In general, this is a tedious manual process with careful consideration given to each value discarded. Ideally, we should be able to explain the error, as in the examples of the clams filled with sand. Perhaps zeroes were entered for missing scores, or an extra digit was typed by mistake.

Begin by listing the array of scores with the command x, and visually search for questionable values.

If you decide that an element should be discarded, make sure you have the correct index first by displaying the data value. For example, if we think x[254] is invalid, type

x[254]

to display that data element alone. If it is indeed invalid, replace it by NA using the statement

x[254]<-NA

Be careful not do discard any good values accidentally by typing the wrong index.

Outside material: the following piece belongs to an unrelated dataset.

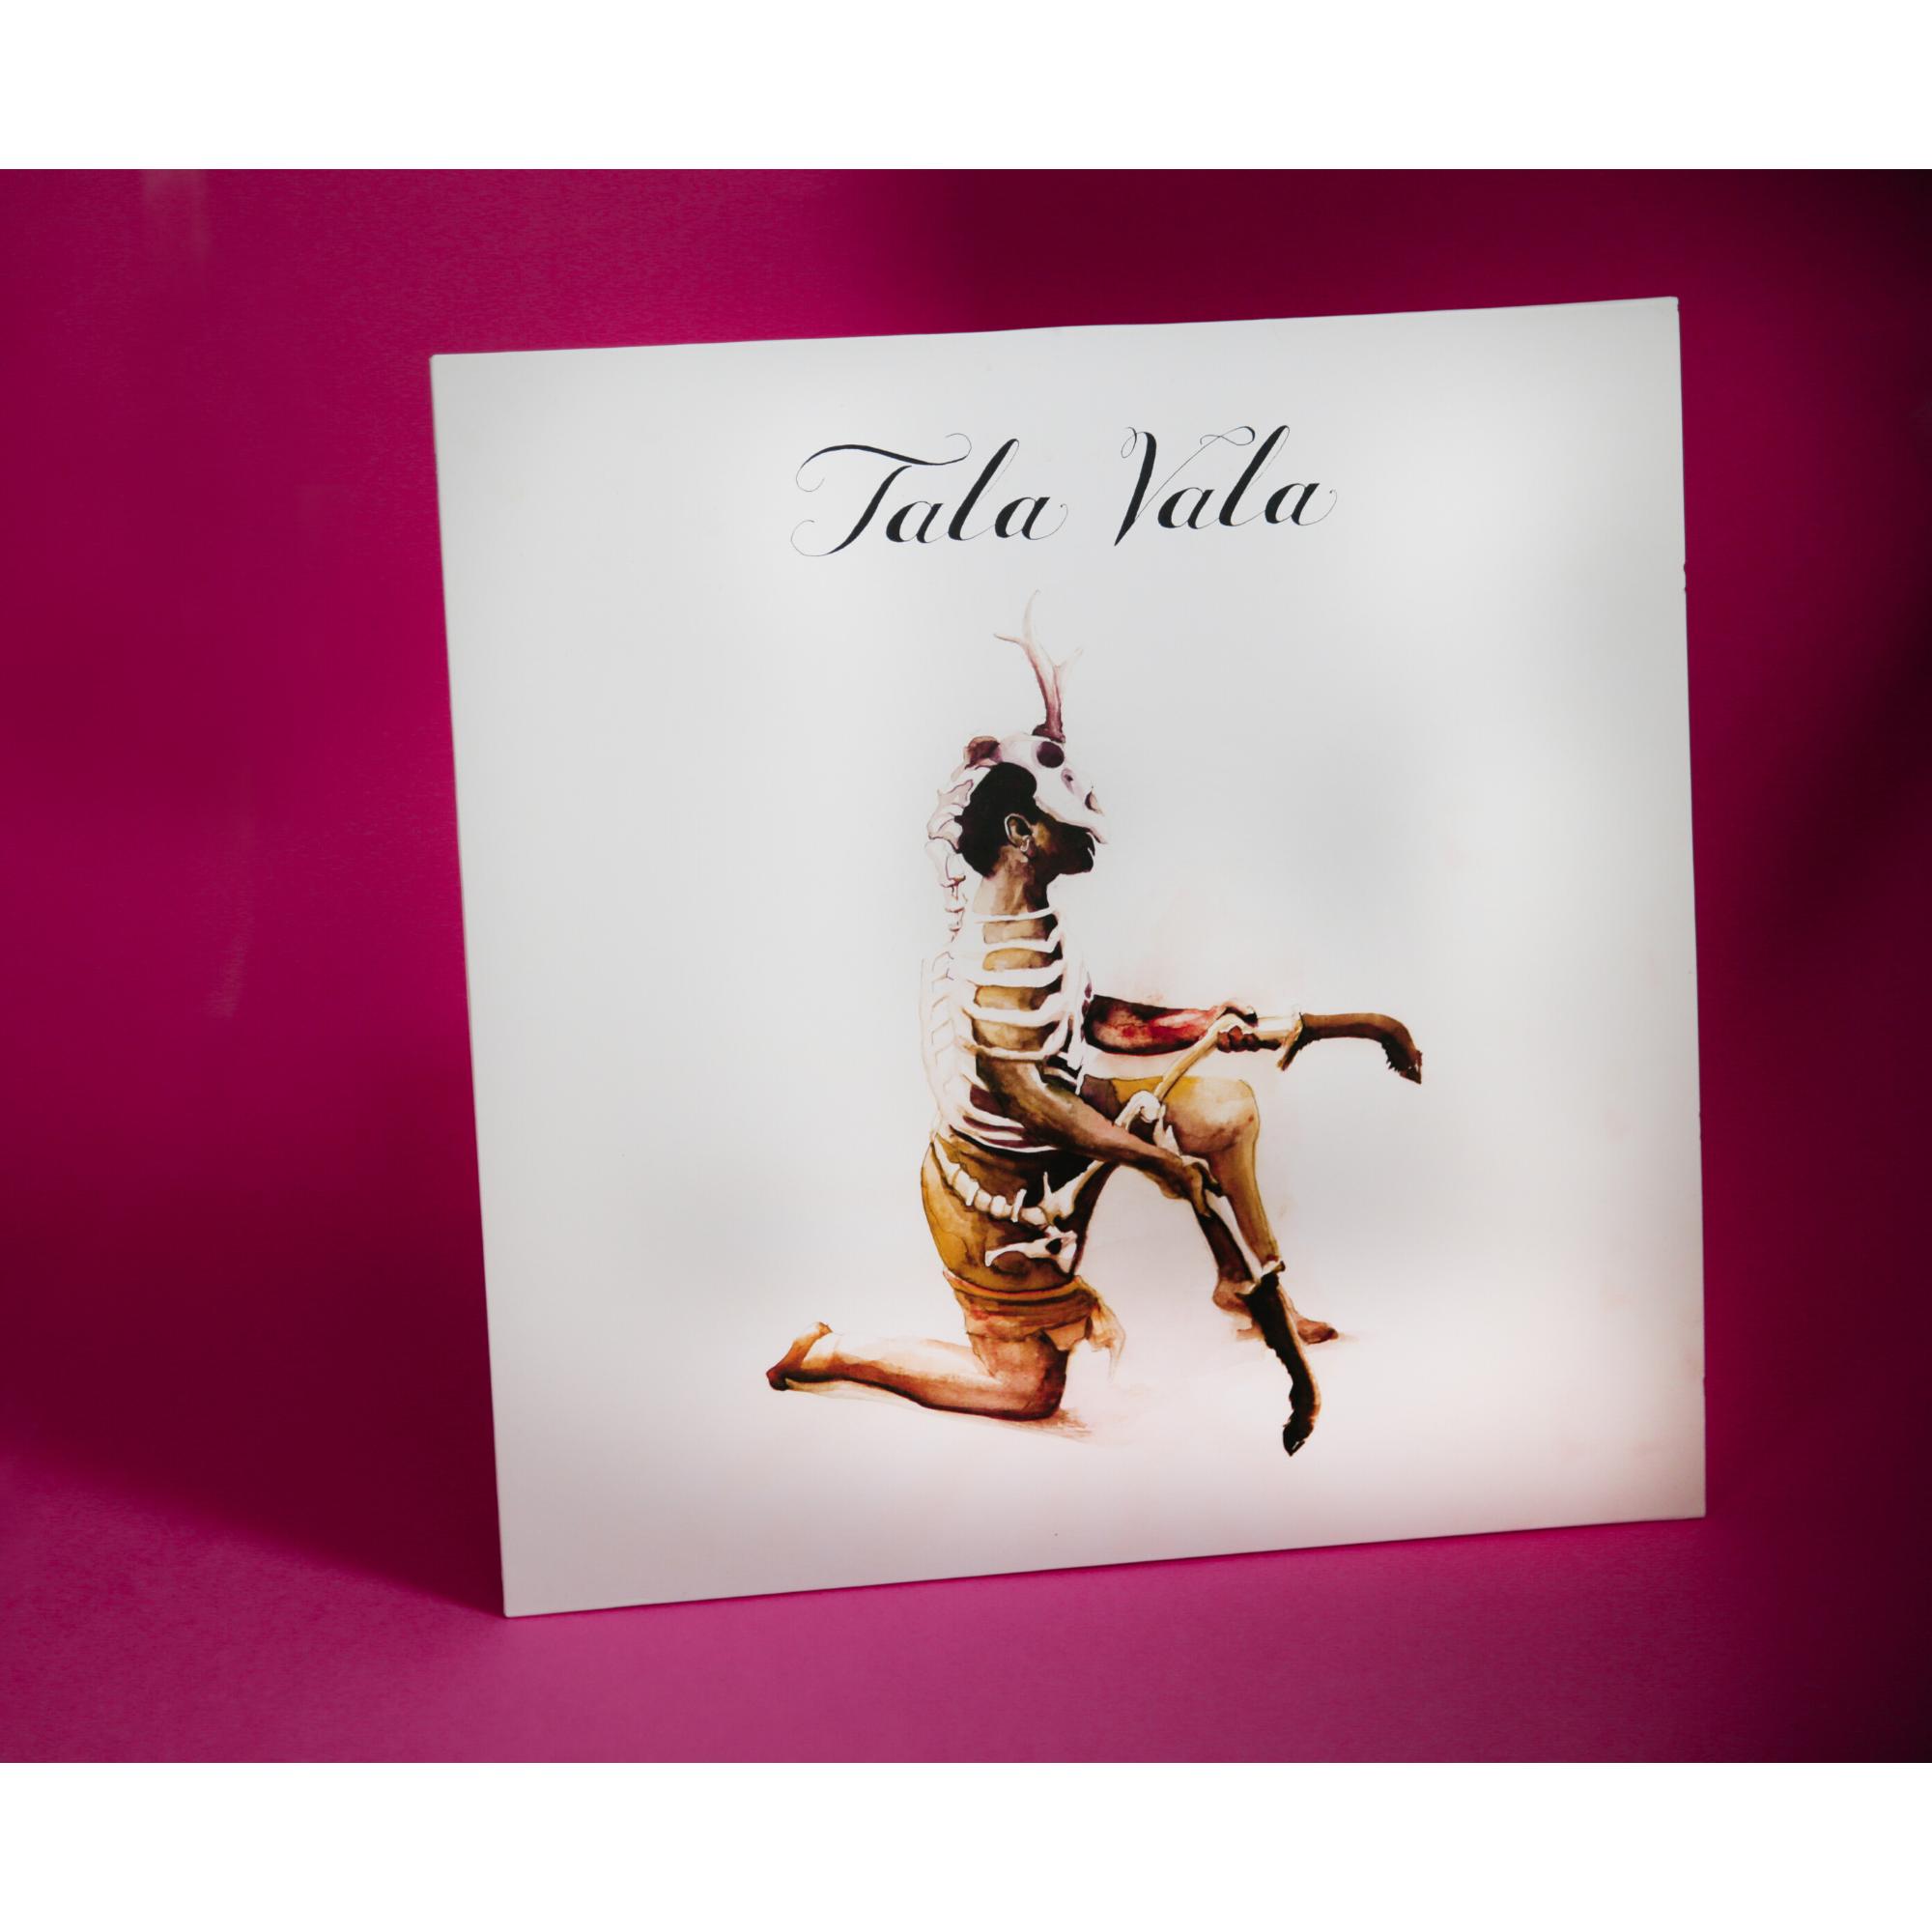 TV White Label Tala Vala - Tala Vala (Exclusive STP Edition)

If you have removed all values less than 100, the boxplot should look something like

and the q-q plot something like

Both of these still indicate outliers, and from the scale we can see there are values greater than 800. So we have to find and remove these. When we have removed all values less than 100 or greater than 800, the plots should look something like

Note that the box and whiskers fill most of the chart, and there are only a few circles outside the whiskers. Also the scale indicates there are no values below 100 or above 800.

Note that the circles are now in a much more linear configuration, and there are now values below 100 or above 800.

At this point, we have completed the data cleanup and are ready to compute the descriptive statistics. The rest of the procedure is identical to Exercise0.

To compute the mean, median, min, max, and first and third quartiles, we can use the summary() function:

summary(x)

(be sure to use the name of the vector and not the name of the data frame here). To compute the standard deviation, last time we used

sd(x)

If we enter this, because there are missing values, the result will be NA. To tell R we want to remove or ignore the missing values, the syntax is:

sd(x,na.rm=TRUE)

Finally, in similar fashion the interquartile range is obtained using

IQR(x,na.rm=TRUE)

Use these values to answer the questions posted on eLearn as Exercise 1.